Just because a business has cash doesn’t mean it’s a good investment. Luckily, StockStory is here to help you separate the winners from the losers. That said, here are two companies with net cash positions that balance growth with stability and one with hidden risks.
One Stock to Sell:
G-III (GIII)
Net Cash Position: $6.00 million (0.5% of Market Cap)

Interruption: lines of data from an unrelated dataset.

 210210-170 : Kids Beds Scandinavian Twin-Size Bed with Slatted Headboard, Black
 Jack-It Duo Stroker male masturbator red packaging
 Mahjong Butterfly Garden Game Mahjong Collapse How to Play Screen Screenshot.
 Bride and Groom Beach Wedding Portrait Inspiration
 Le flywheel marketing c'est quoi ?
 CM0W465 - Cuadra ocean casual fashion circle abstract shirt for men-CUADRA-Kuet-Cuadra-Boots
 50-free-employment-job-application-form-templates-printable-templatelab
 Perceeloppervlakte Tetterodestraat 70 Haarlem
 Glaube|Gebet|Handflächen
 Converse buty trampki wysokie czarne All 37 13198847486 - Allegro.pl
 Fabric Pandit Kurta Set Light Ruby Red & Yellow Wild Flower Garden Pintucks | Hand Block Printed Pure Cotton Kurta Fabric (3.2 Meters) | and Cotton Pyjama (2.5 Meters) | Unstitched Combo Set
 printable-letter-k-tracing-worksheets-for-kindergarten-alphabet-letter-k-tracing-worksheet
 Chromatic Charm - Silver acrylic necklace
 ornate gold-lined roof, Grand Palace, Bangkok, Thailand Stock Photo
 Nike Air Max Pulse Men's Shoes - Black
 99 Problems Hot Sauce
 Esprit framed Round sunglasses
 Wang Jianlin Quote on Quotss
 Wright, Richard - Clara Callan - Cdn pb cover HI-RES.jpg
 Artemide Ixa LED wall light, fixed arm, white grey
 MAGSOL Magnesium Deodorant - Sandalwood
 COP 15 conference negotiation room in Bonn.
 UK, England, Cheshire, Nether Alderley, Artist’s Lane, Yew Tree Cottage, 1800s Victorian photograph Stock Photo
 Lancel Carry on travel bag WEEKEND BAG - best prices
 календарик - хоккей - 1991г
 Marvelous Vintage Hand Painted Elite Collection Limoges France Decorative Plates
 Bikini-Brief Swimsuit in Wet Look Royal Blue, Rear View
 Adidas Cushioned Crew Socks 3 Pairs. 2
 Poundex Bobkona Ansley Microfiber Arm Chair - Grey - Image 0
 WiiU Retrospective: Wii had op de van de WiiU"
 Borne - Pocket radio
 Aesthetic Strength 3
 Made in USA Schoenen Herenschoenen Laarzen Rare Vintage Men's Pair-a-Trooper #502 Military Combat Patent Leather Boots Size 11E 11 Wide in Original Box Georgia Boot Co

Founded as a small leather goods business, G-III (NASDAQ:GIII) is a fashion and apparel conglomerate with a diverse portfolio of brands.
Why Should You Dump GIII?
- Sales tumbled by 1.2% annually over the last two years, showing consumer trends are working against its favor
- Projected sales decline of 3.9% over the next 12 months indicates demand will continue deteriorating
- Below-average returns on capital indicate management struggled to find compelling investment opportunities
G-III is trading at $27.25 per share, or 11.8x forward P/E. Dive into our free research report to see why there are better opportunities than GIII.
Two Stocks to Watch:
Guidewire Software (GWRE)
Net Cash Position: $444.2 million (2.5% of Market Cap)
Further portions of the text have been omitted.